Que pensez-vous de la commission mise en place par Emmanuel Macron, le 5 avril dernier, chargée d’analyser le rôle de la France au Rwanda entre 1990 et 1994 ? Où en est la déclassification promise des archives ?
La mise en place d’une commission qui exclut des chercheurs légitimes sur la question me semble a priori curieuse. Cela dit, elle sera jugée sur les faits. En ce qui concerne les archives, il y a deux paradoxes. Les archives ne sont pas officiellement ouvertes mais, finalement, on en connaît déjà un grand nombre. Une partie de celles de l’Elysée ont fuité – des notes, des télégrammes diplomatiques, des comptes-rendus du Conseil restreint de défense. Nombre de travaux d’historiens et de journalistes ont pu s’appuyer sur ces documents et n’ont jamais été démentis. Le tableau général est assez précis, il manque juste quelques pièces au puzzle, comme les archives de la DGSE. Une partie des archives rwandaises restent également à explorer. Le deuxième paradoxe tient au fait que les autorités françaises continuent de dire qu’il n’y a rien à cacher sur le sujet. On constate pourtant qu’elles font le choix de les laisser sous contrôle. C’est ce qui se passe notamment avec les archives de François Mitterrand, protégées par un délai légal de soixante ans et consultables après accord de la mandataire Dominique Bertinotti. Dans la foulée des annonces de Macron, elle a déclaré à l’AFP : « J'envisagerai leurs demandes avec bienveillance. Ce n'est pas parce que le président de la République me le demande, c'est parce que les conditions d'examen scientifique sont réunies que je vais répondre positivement. Rien n'est automatique. » Donc à la discrétion d’une seule personne. Quand je l’avais interrogée sur ce point en 2016, Dominique Bertinotti m’avait répondu : « Les archives ne sont pas faites pour alimenter des polémiques. » Comme si subsistait la peur de mettre à plat ce matériau historique, à disposition des chercheurs et des citoyens.

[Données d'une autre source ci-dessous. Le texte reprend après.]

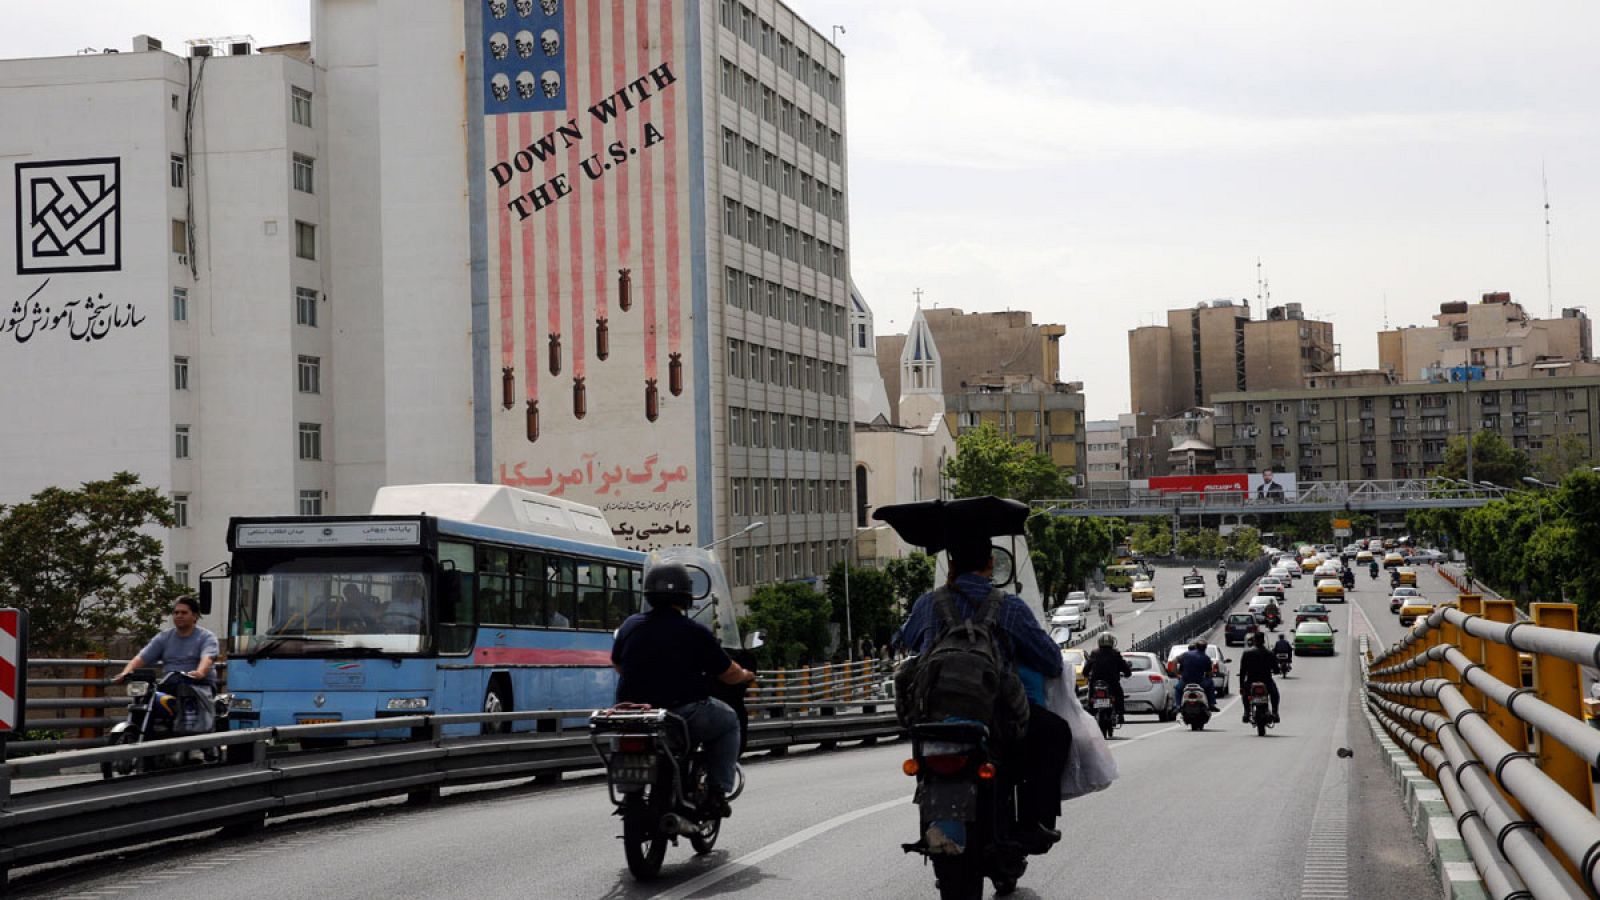 Conductores iraníes circulan junto a un edificio en el que aparece una pintada contra los Estados Unidos.

Pourquoi Hubert Védrine et l’amiral Jacques Lanxade, chef d’état-major des armées de 1991 à 1995, sont-ils arc-boutés sur la version « on ne savait pas » alors qu’avec le temps les pièces du puzzle, les témoignages viennent infirmer leur thèse ?
Je pense, et c’est humain, qu’ils ne veulent pas se déjuger. Il existe par ailleurs un enjeu historique et mémoriel. La France a joué là-bas un rôle particulier, elle a donc une responsabilité particulière. Ces gens-là jouent leur trace dans l’Histoire. Et puis des enquêtes sont toujours en cours, avec le risque de poursuite pour complicité de génocide.